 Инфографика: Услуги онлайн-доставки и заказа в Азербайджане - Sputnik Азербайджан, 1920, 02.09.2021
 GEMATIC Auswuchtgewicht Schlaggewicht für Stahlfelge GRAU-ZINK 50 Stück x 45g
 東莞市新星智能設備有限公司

---*---

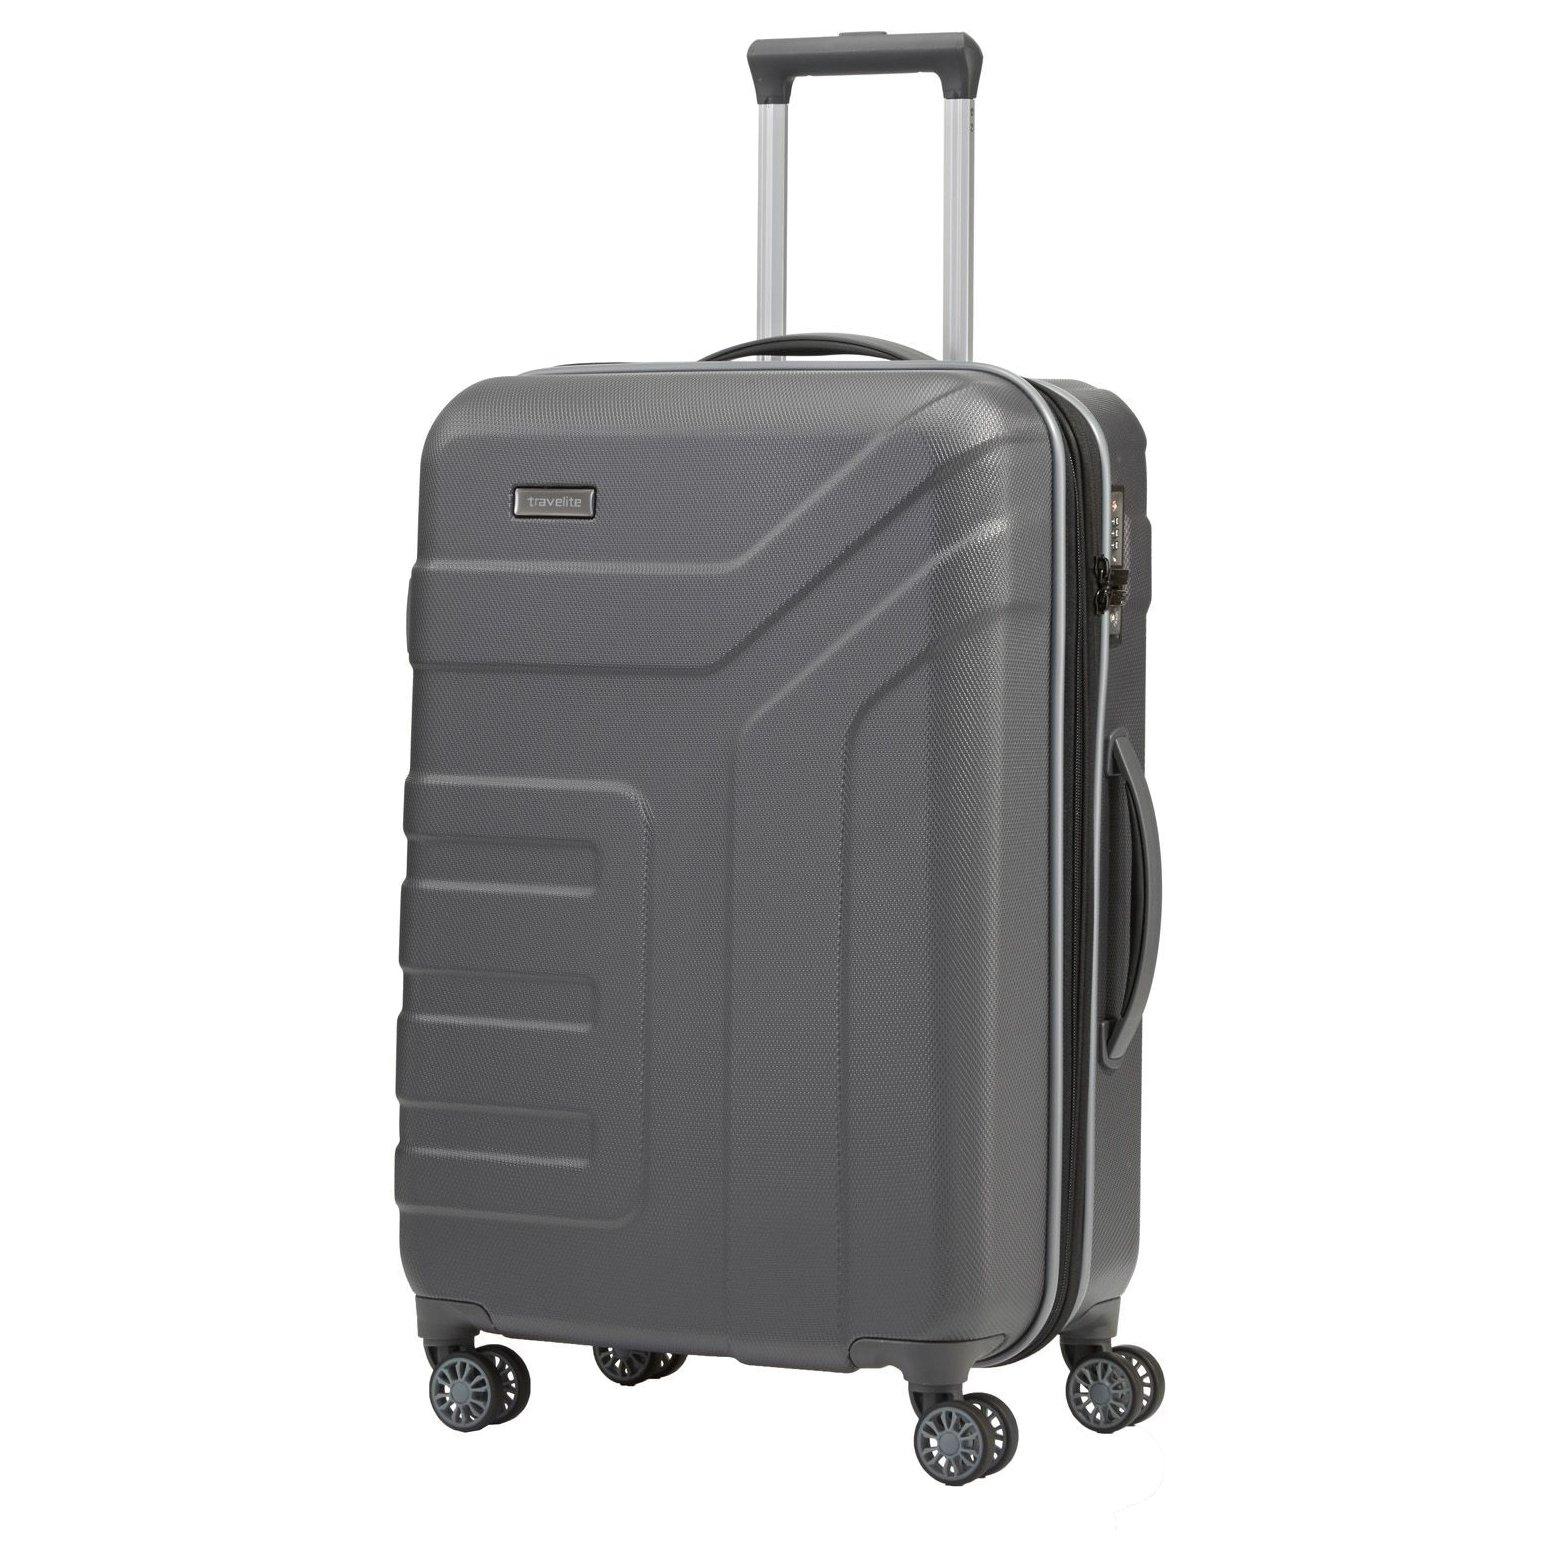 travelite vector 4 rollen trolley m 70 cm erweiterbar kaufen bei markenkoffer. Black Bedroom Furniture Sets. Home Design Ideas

---*---

What is being asked:
Within the data above, the span starting at the line containing "GEMATIC Auswuchtgewicht Schlaggewicht" and ending at the line containing "東莞市新星智能設備有限公司" is to be retyped exactly, with no other lines.

Response:
 GEMATIC Auswuchtgewicht Schlaggewicht für Stahlfelge GRAU-ZINK 50 Stück x 45g
 東莞市新星智能設備有限公司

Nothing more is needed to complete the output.